2. For high-velocity datasets – e.g., real-time,
Internet-based data
science courses – the data volume is determined by the observation time: at
a fixed rate, the longer you observe, the more you collect. If you are attempting to generate a real-time characterization that keeps up with this input data rate, you face the fundamental trade-off between exploiting richer datasets acquired over longer
observation periods, and the longer computation times required to process those
datasets, making you less likely to keep up with the input data rate.
3. For high-variety datasets, a key challenge lies in finding useful ways to combine very different data sources into something amenable to a common analysis (e.g., combining images, text, and numerical data into a single joint analysis framework).
One practical corollary to these
observations is the need for a computer-based data reduction processor “data
funnel” that matches the volume, velocity, and/or variety of the original data
sources with the ultimate needs of the organization. In large organizations, this data funnel
generally involves a mix of different technologies and people. While it is not a complete characterization,
some of these differences are evident from the primary software platforms used
in the different stages of this data funnel: languages like HTML for dealing
with web-based data sources; typically, some variant of SQL for dealing with
large databases; a package like R for complex quantitative analysis; and often
something like Microsoft Word, Excel, or PowerPoint delivers the final
results. In addition, to help coordinate
some of these tasks, there are likely to be scripted, either in an operating a system like UNIX or in a platform-independent scripting language like Perl or
Python.
An important point omitted from all
three articles is that there are at least two distinct application areas for
Big Data:
1. The class of
“production applications,” which were discussed in these articles and
illustrated with examples like the un-named U.S. airline described by McAfee
and Brynjolfsson that adopted a vendor-supplied procedure to obtain better
estimates of flight arrival times, improving their ability to schedule ground
crews and saving several million dollars per year at each airport.
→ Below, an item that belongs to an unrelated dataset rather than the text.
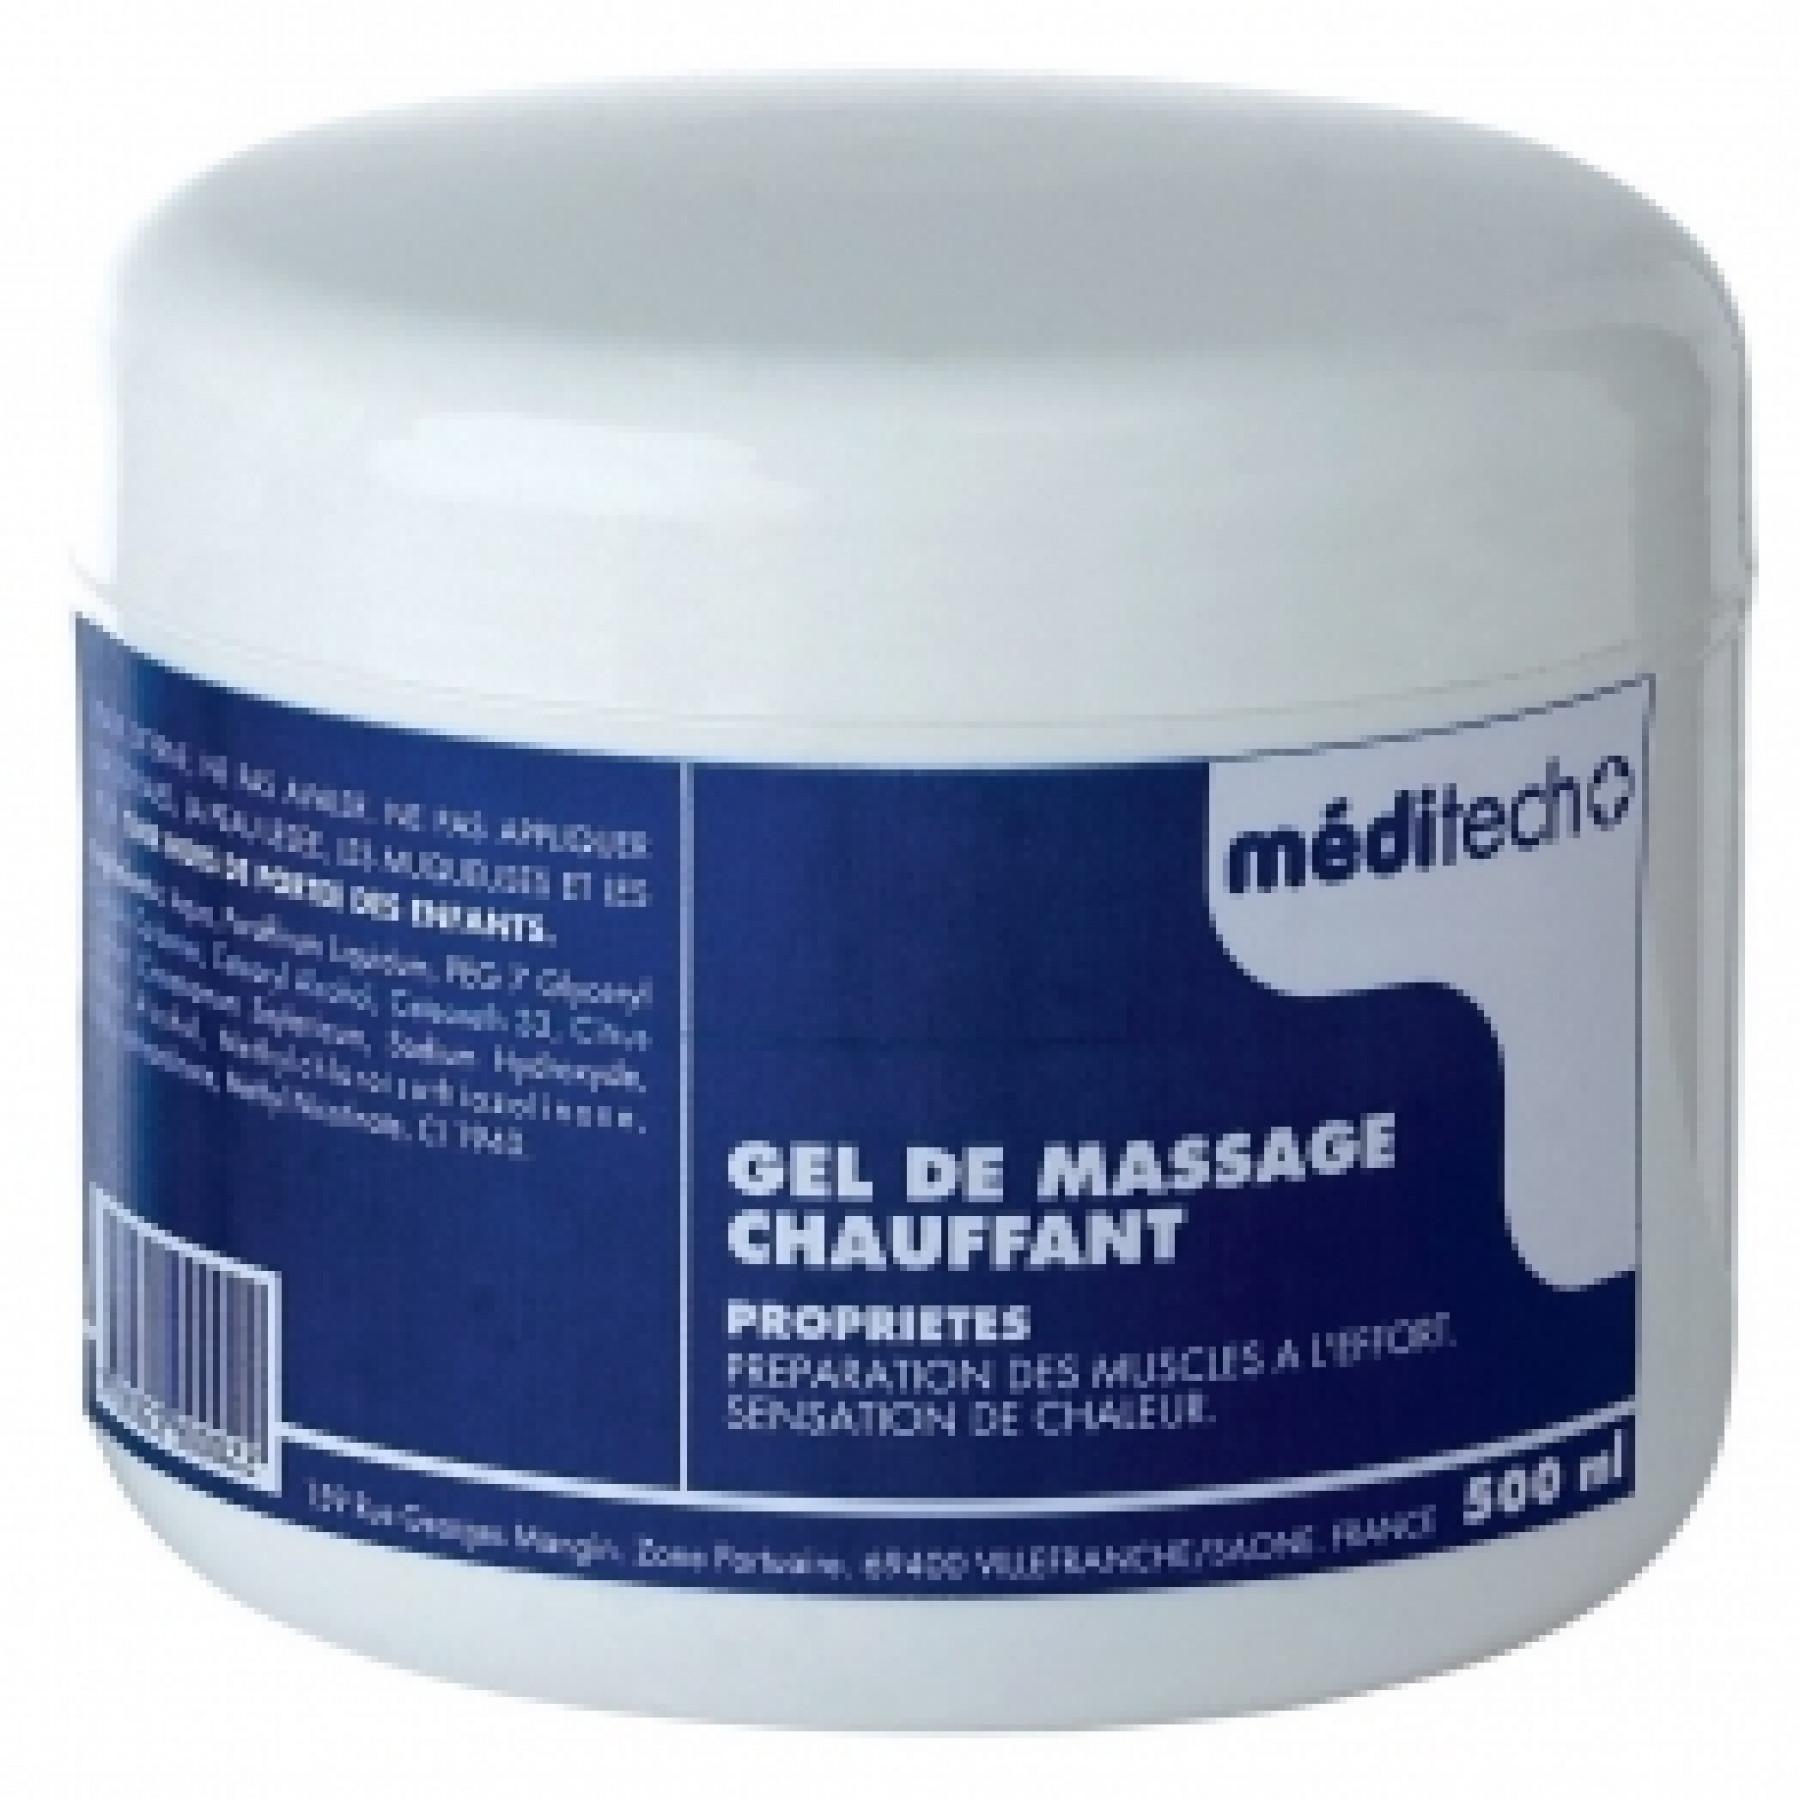 heating massage gel - 500 ml

Similarly, the article by Barton and Court
described a shipping company (again, un-named) that used real-time weather
forecast data and shipping port status data, developing an automated system to
improve the on-time performance of its fleet.
Examples like these describe automated systems put in place to
continuously exploit a large but fixed data source.
2. The exploitation
of Big Data for “one-off” analyses: a question is posed, and the data science the team scrambles to find an answer. This
use is not represented by any of the examples described in these articles. In fact, this second type of application
overlaps a lot with the development process required to create a production
application, although the end results are very different. In particular, the end result of a one-off analysis is a single set of results ultimately summarized to address the
question originally posed. In contrast,
a production application requires continuing support and often has to meet
challenging interface requirements between the IT systems that collect and
preprocess the Big Data sources and those that are already in use by the
end-users of the tool (e.g., a Hadoop cluster running in a UNIX environment
versus periodic reports generated either automatically or on-demand from a
Microsoft Access database of summary information).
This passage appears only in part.